He offered no explanation on the sub-microscopic level, although he expressed understanding of matter as particles in the classroom setting before the interview took place. For instance, Thomas reasoned about empty spaces between particles in liquids. The students had just filled a syringe with water, and discovered that it was not possible to get the pressure piston further down in contrast to an air-filled syringe. The following excerpt shows Thomas in dialogue with another student and the teacher about whether there is empty space between particles in liquids:

Other student: For you cannot press water together, and then there is no, when we press, nowhere the water can go and then there can't be space between the water particles.

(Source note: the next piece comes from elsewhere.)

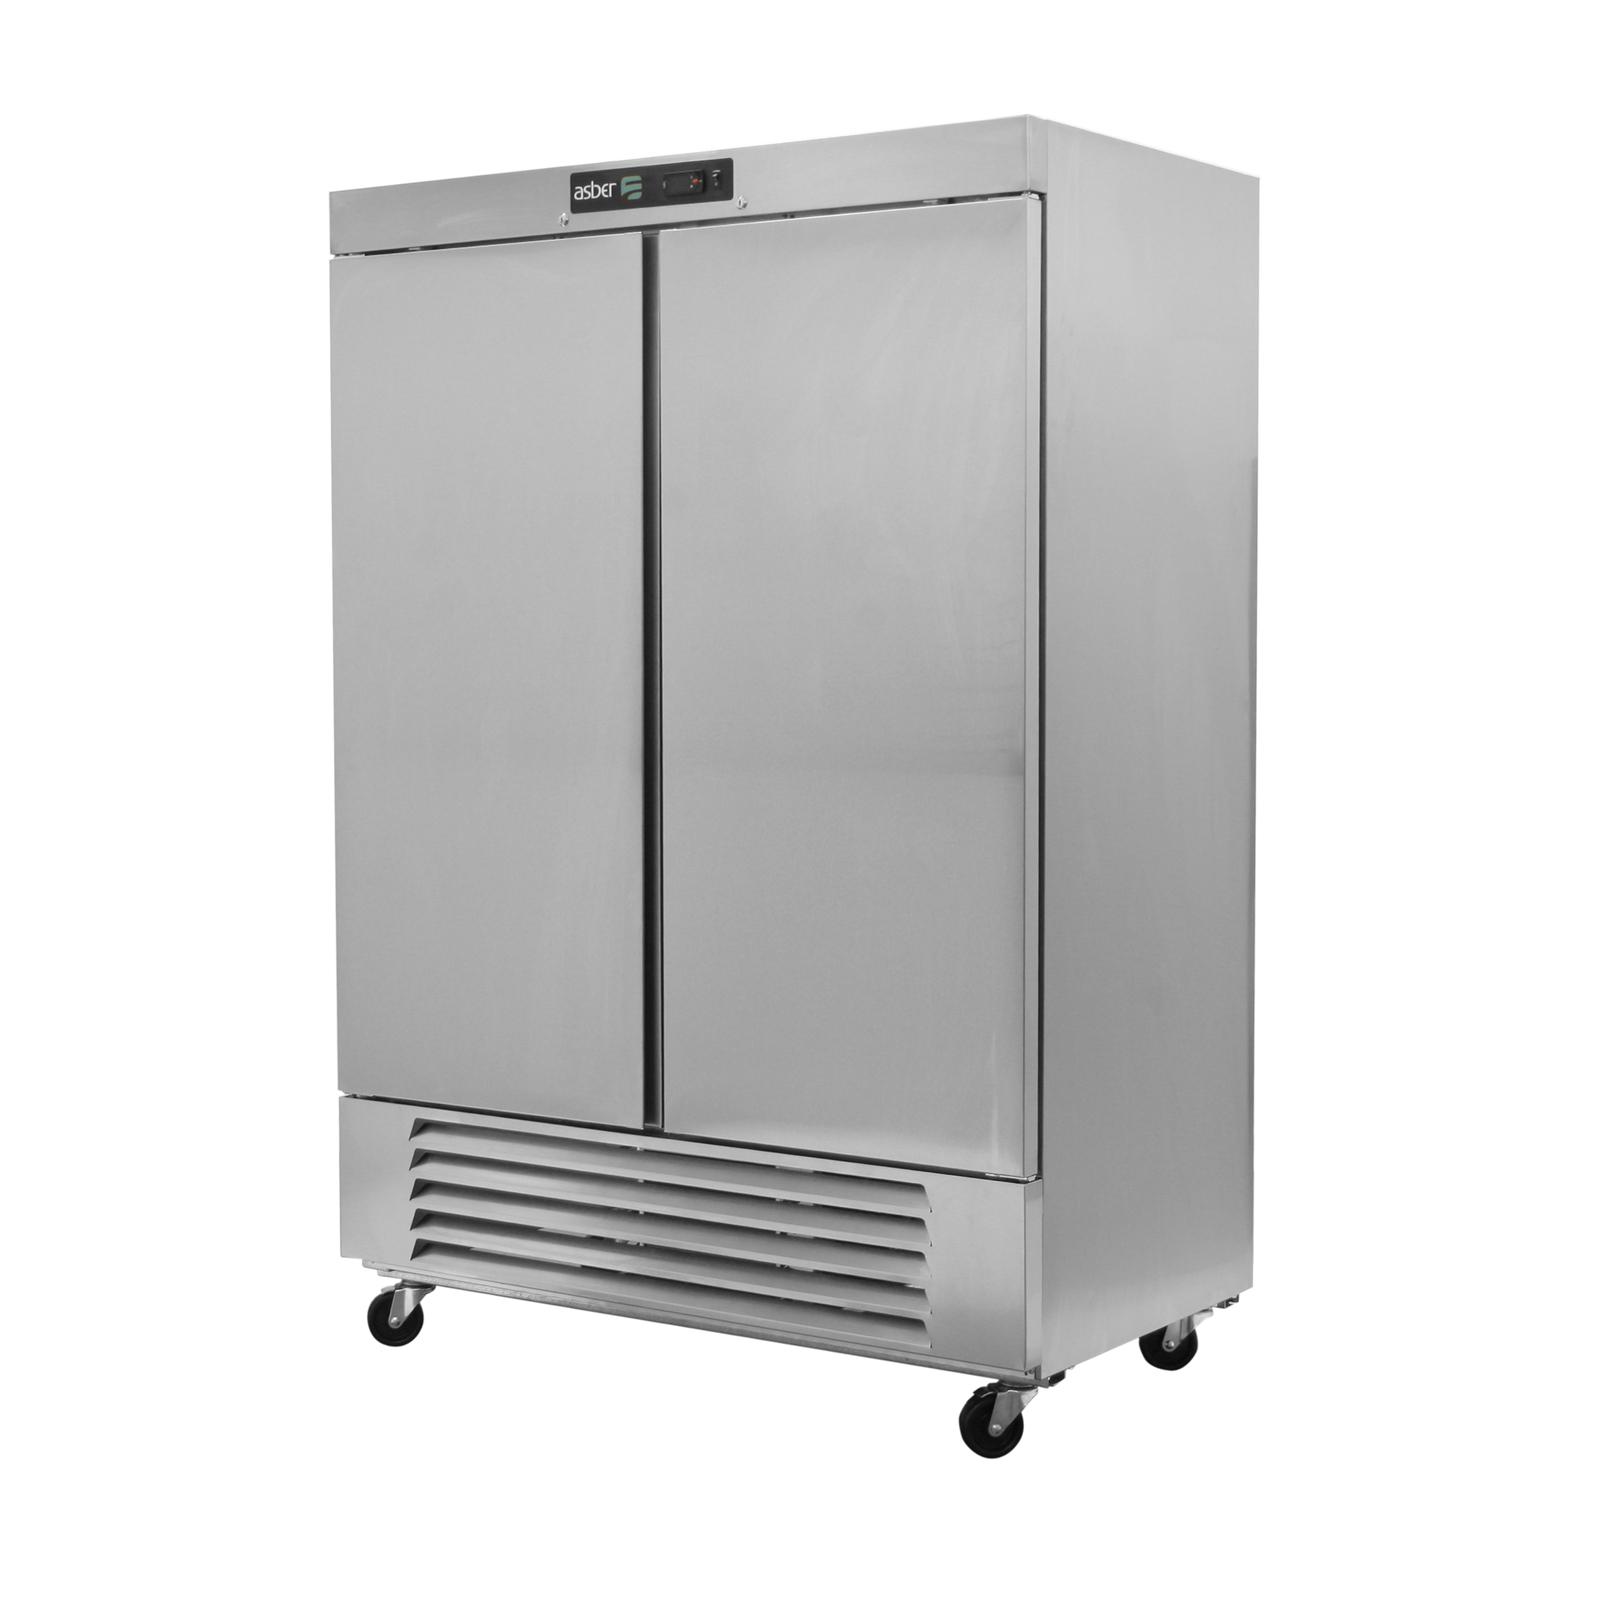 Asber ARR-49-H refrigerator, reach-in

Teacher: Do we have any other suggestions here?

Thomas: Yes. We cannot press them (water particles) together… There are gaps and inside there is oxygen and there are very small gaps (between the water particles)

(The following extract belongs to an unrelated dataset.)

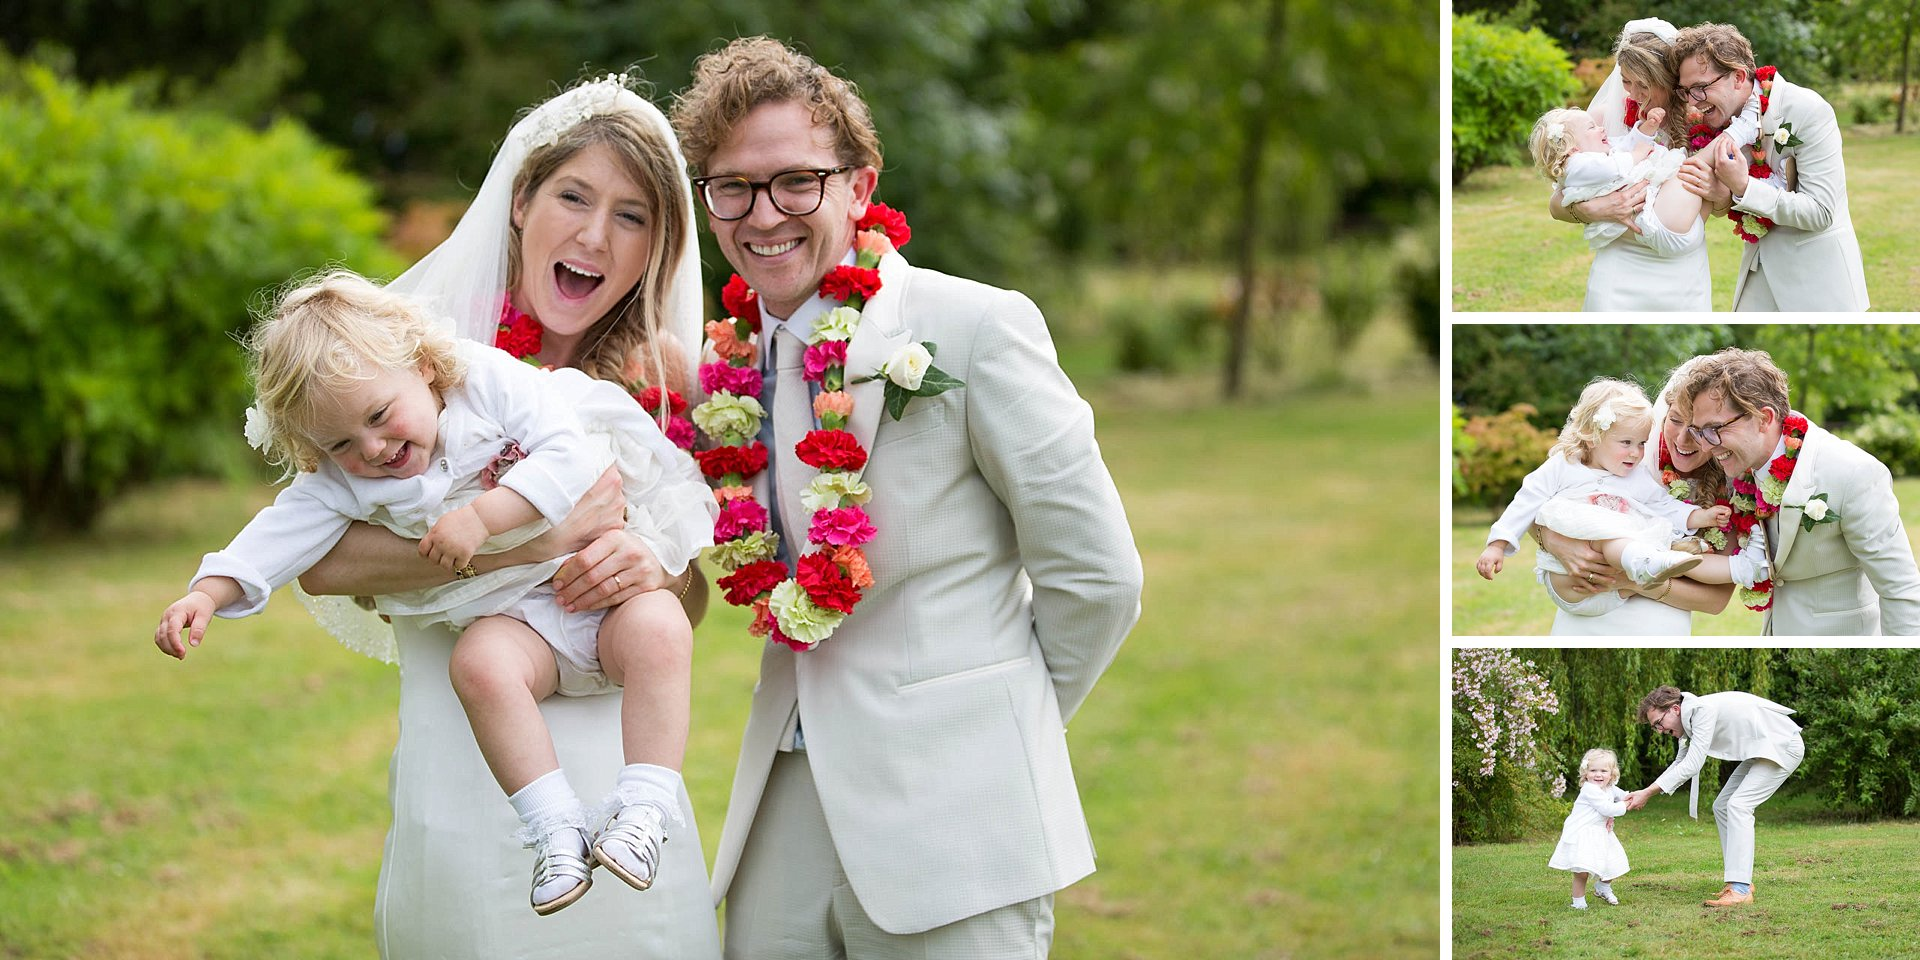 Family fun at wedding

This discussion started because a student claimed that there had to be empty space between the water particles, wherein oxygen particles could hide. Later, in a dialogue with the teacher, Thomas reconfirmed his sub-microscopic understanding, by describing particles in fluids as moving spheres.

In period 2, the students were introduced to concepts of molecules and atoms in the context of photosynthesis. In the post-interview students were not directly asked about properties of matter. Thomas did not express understanding of matter on his own initiative. Therefore data are missing for this period (Fig. 1). However, during instruction, Thomas used the terms atom and molecule in a dialogue with the teacher about water molecules.

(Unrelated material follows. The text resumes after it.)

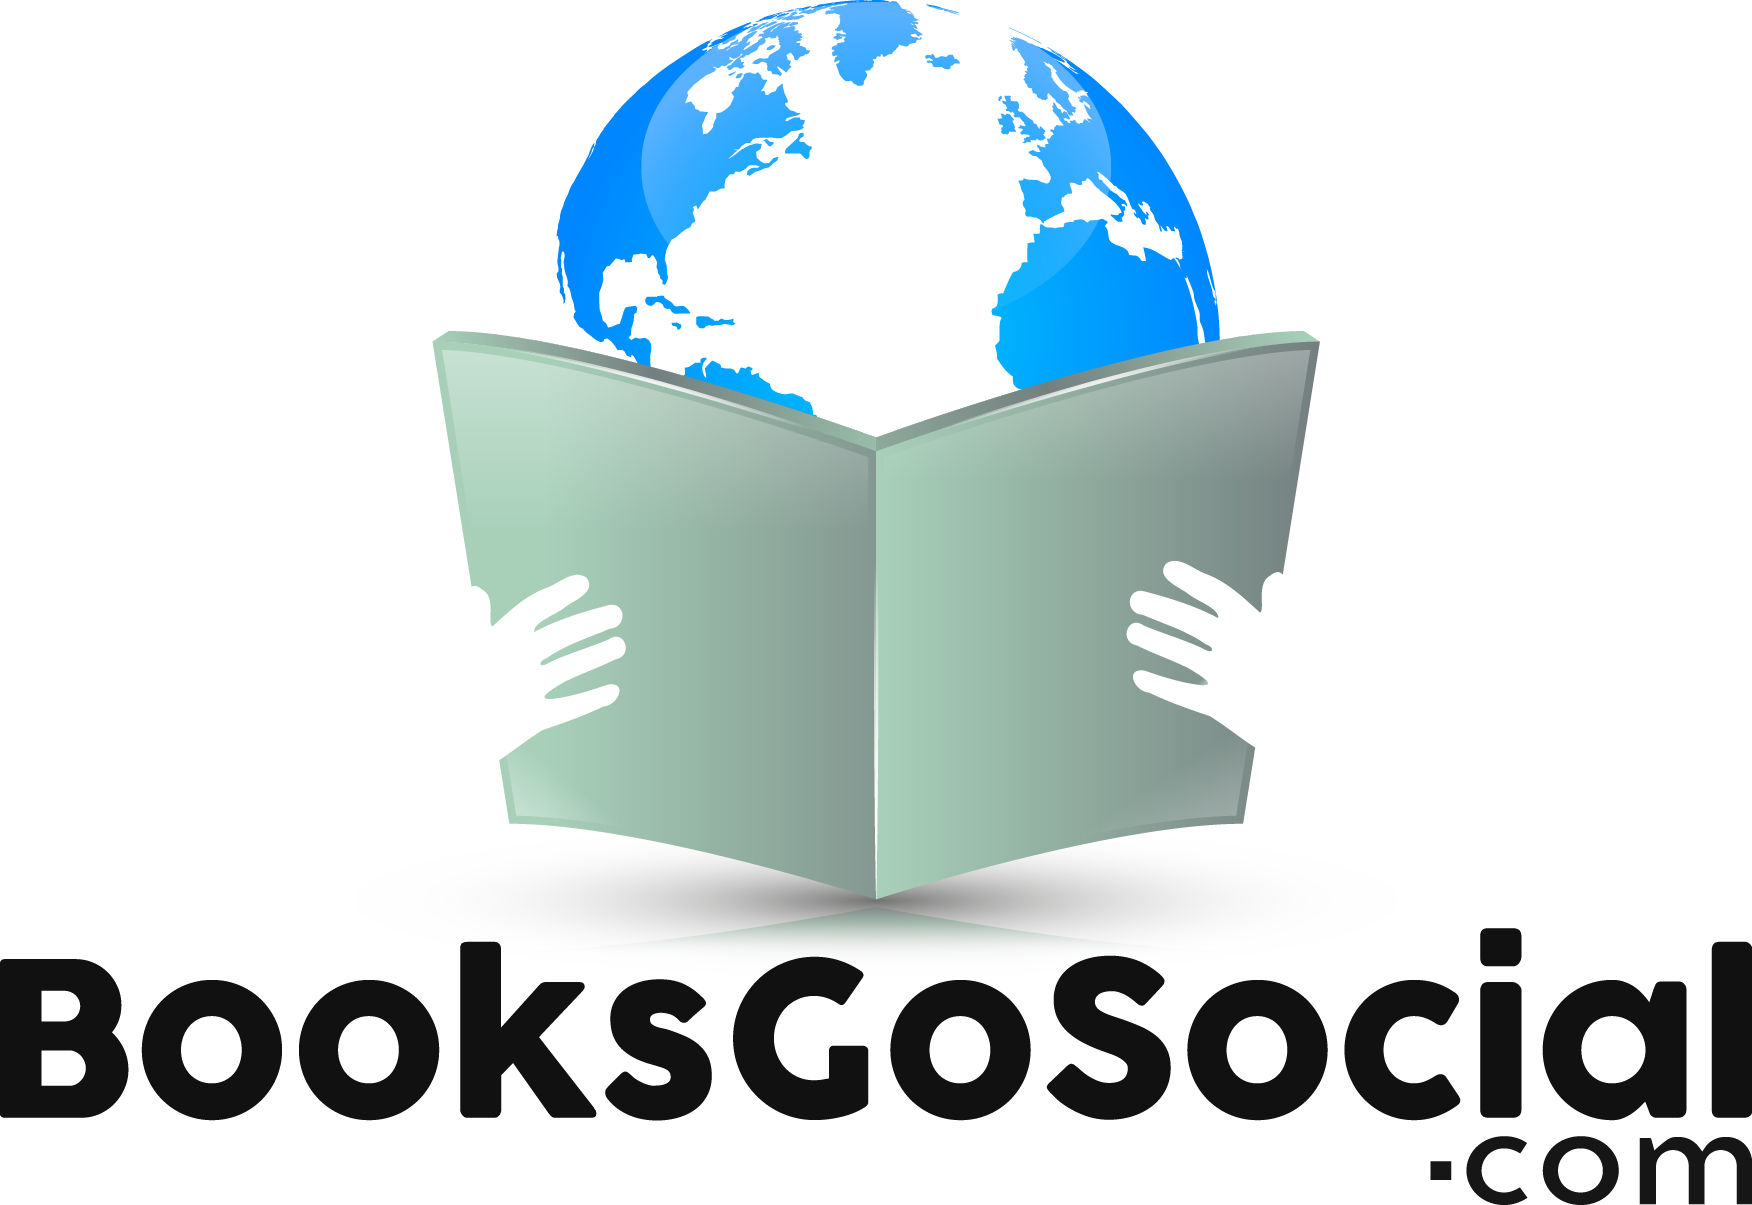 Books Go Social

In period 3 the students applied the atomic and molecular theory in contexts related to the topics sound, energy and electricity. In the post-interview, Thomas participated in a discussion about why curtains above an oven are moving. He explained this by particles moving faster because of the heat from the oven, indicating an ability to distinguish between individual particle movement and the bulk movement of batches of particles (convection currents).

Chemical reactions in general and combustion reactions in particular were introduced in period 4. All four students expressed understanding of matter at high levels of understanding in the post-interview (Fig. 1–4). The term particle is now replaced by concepts like molecule, atom and the symbol H₂O. In the post-interview, Thomas used the term molecule when he explained what happens when sugar is mixed with water. He claimed that ‘…sugar is hiding between the molecules of water’ and that ‘…the volume is approximately the same, just a little bit more.’ Thus, Thomas is able to make links between the macroscopic property volume and sub-microscopic ideas.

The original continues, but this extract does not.